Like all NSW public schools, we promote the healthy development of students through:
school programs and practices that protect and promote health and safety
supporting individual students who need help with health issues
providing first aid and temporary care of students who become unwell or who have an accident at school.
Like all NSW public schools, we provide safe learning and teaching environments to encourage healthy, happy, successful and productive students.
The department is committed to creating quality learning opportunities for children and young people. These opportunities support wellbeing through positive and respectful relationships and fostering a sense of belonging to the school and community.
The Wellbeing Framework for Schools helps schools support the cognitive, physical, social, emotional and spiritual development of students and allows them to connect, succeed and thrive throughout their education.
Positive Behaviour for Learning
At our school, we use Positive Behaviour for Learning (PBL) – a whole-school approach for creating a positive, safe and supportive school climate where students can learn and develop. Our whole school community works together to establish expected behaviours and teach them to all students.
Students representative council
The school's Students Representative Council (SRC) consists of two students from each class, grades 2 - 6.

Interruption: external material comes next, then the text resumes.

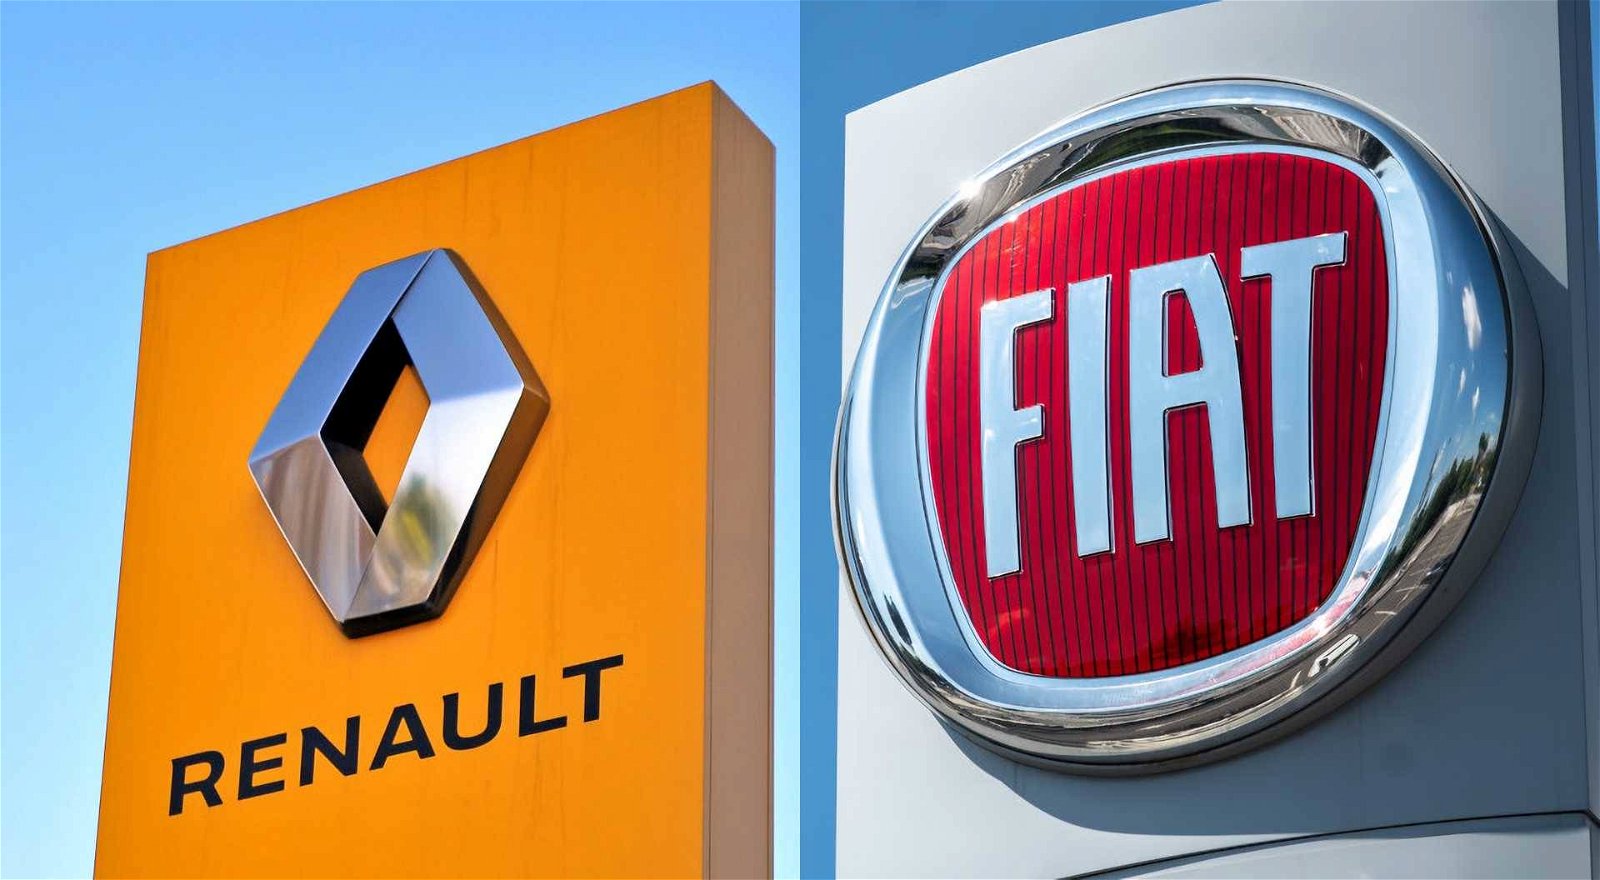 Immagine di Fusione FCA - Renault: l'automobilismo italiano piangerà?

Student representatives are elected by their peers each semester. They are involved in fundraising for the school, attending SRC meetings and providing communication between the student leadership team and their class. They also perform special duties, such as laying wreaths at our annual Anzac Day assembly.
Student leadership helps young people find their voices, participate in decision-making, and understand their rights and responsibilities as active citizens. It helps students have a real impact on their learning and school environment and prepares them to participate meaningfully in their community.
Students can be leaders in the classroom, through their actions in the playground, through their support for others, or their involvement in academic, sporting, cultural or local community events or projects.
Students don’t have to be school captains or house captains to be considered leaders. We encourage our students to be leaders in the classroom and playground, through their support for other students, or their involvement in academic, sporting, cultural or community events and projects. This year all our Year 6 students have a leadership role within the school. They will also act as mentors to our year 5 students who will lead their Peer Support group in Term 4.
Introduction to the leadership team
The Student Representative Council program provides an opportunity for students to develop leadership skills, a strategy which recognises that teaching leadership behaviours is a crucial element in ultimately creating responsible citizens within our society.
Many of the responsibilities of the leadership team are related to being strong leaders within our school. For example, this year, the leadership team was responsible for running each week’s assembly as well as the whole school assemblies. They learned skills in time management, public speaking and working collaboratively with teachers and students.
Leardership team 2017
In 2017, eight students make up the leadership team consisting of two school captains, two vice captains and four prefects.
School Captain: Emily Hunter, Jake Cridland
Vice Captain: Lauren Gallagher, James Southon
Prefect: Lucinda King, Leyla Ozen, Richard Jenneke, Kiran Krish
Members of the leadership team have a variety of important responsibilities, in both leadership and fundraising and work collaboratively with staff to achieve their outcomes.
Fundraising contributes to the national and global community through charities such as Stewart House and World Vision, and to our school and our sister school through organised events such as crazy sock days and mufti days.